Task item: Write out exactly, and only, the lines below from the line with "sabina maffei plozner" through the line with "Uang Kuno Rp"; pictures do not belong in the copy.

Entries supplied:
--------------------------------

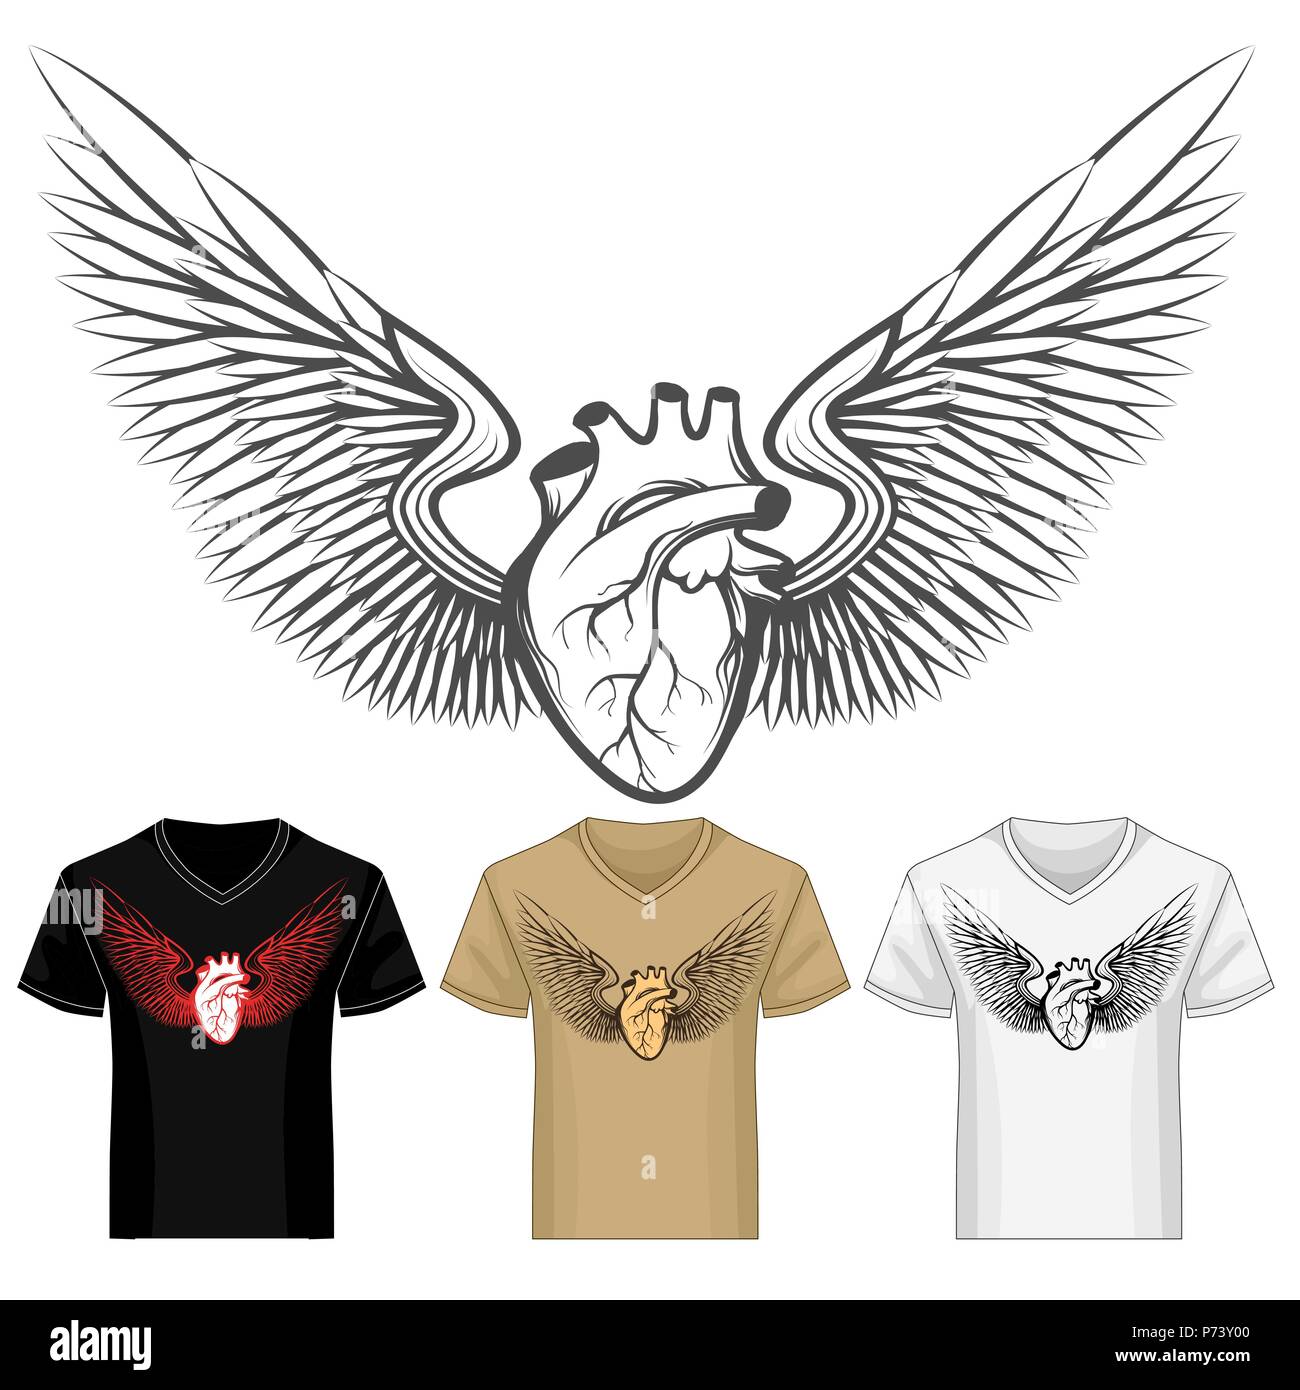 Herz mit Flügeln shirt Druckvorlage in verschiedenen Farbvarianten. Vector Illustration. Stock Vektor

--------------------------------

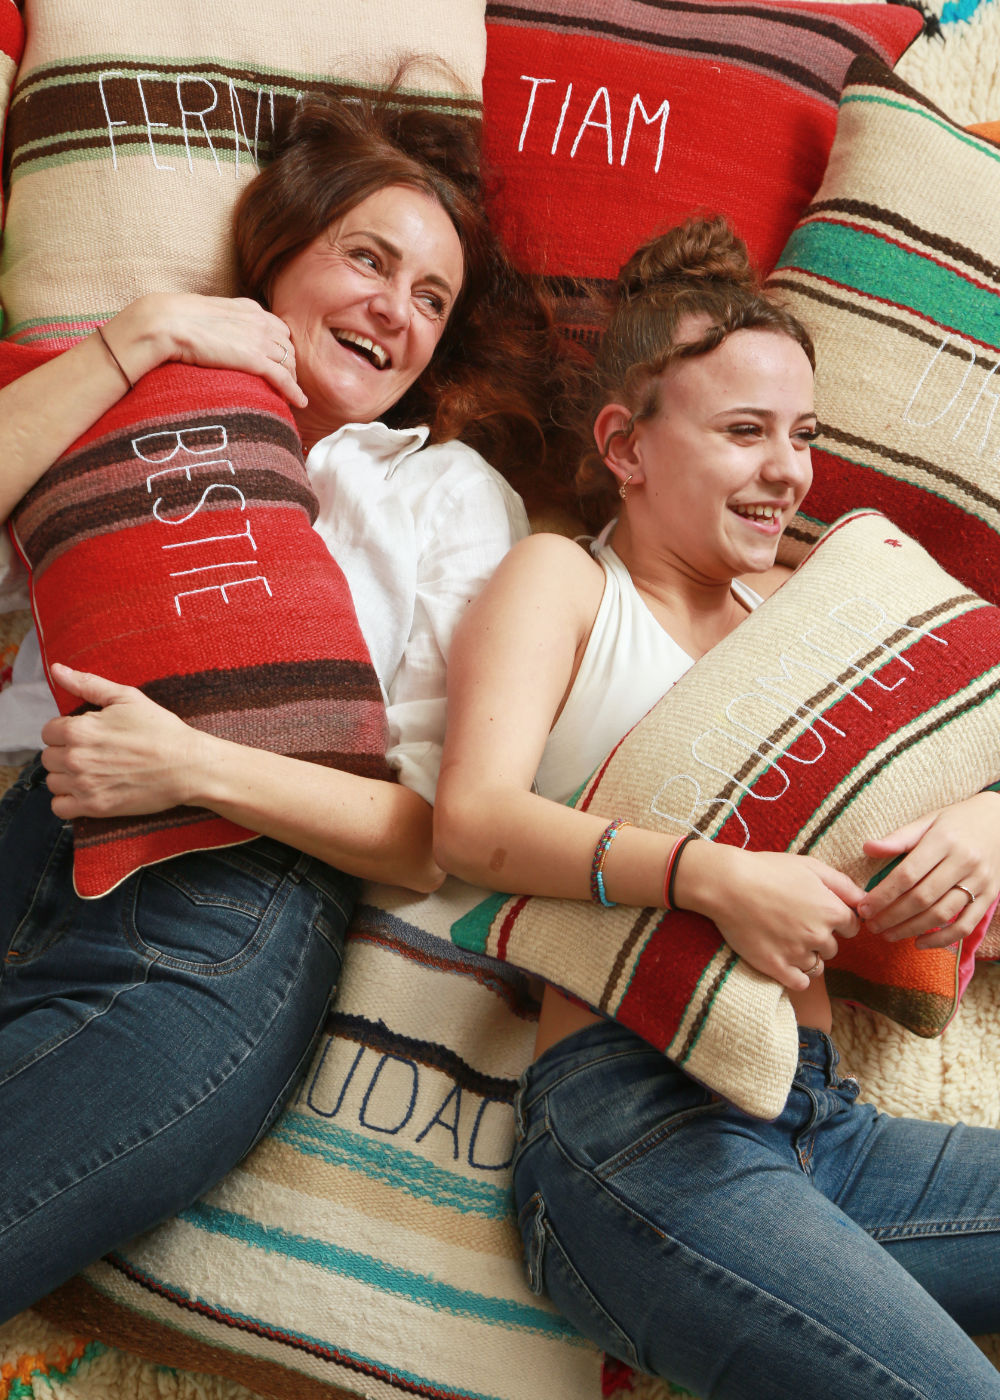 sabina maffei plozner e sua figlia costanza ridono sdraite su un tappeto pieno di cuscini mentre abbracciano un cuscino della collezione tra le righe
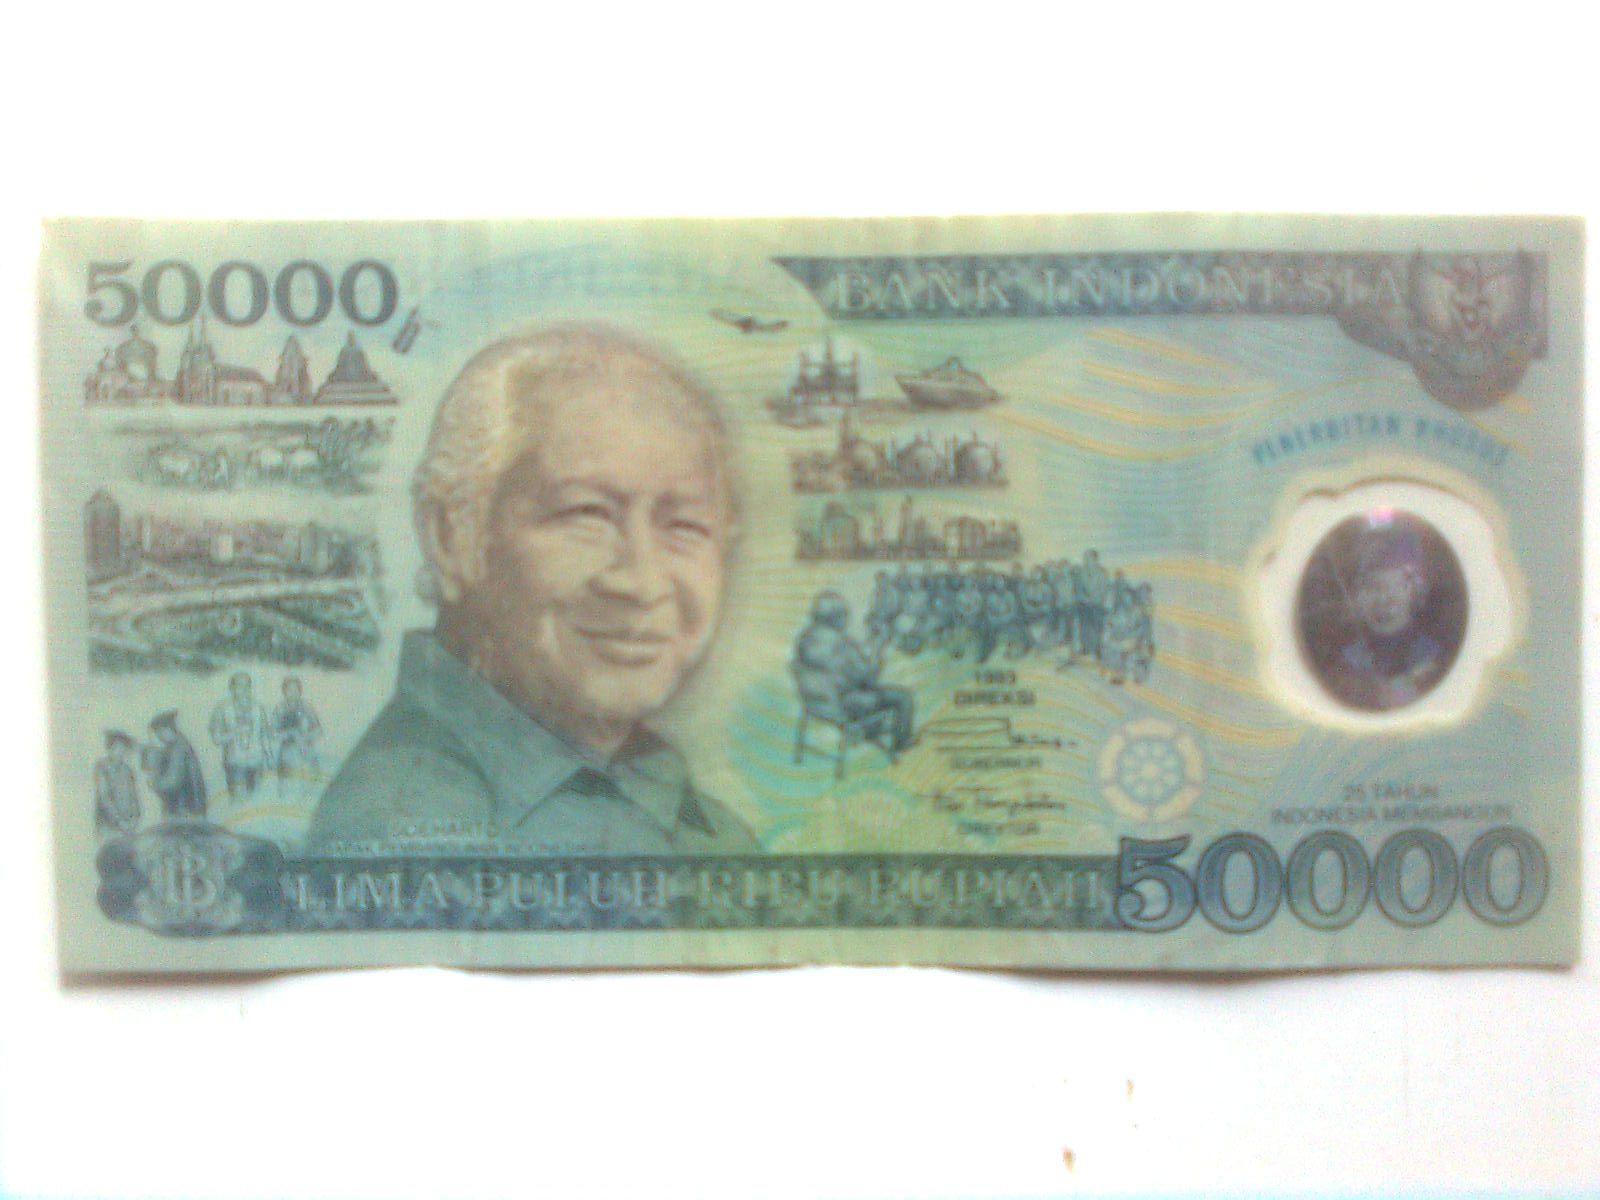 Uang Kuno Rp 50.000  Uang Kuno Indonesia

--------------------------------

Written response:
 sabina maffei plozner e sua figlia costanza ridono sdraite su un tappeto pieno di cuscini mentre abbracciano un cuscino della collezione tra le righe
 Uang Kuno Rp 50.000  Uang Kuno Indonesia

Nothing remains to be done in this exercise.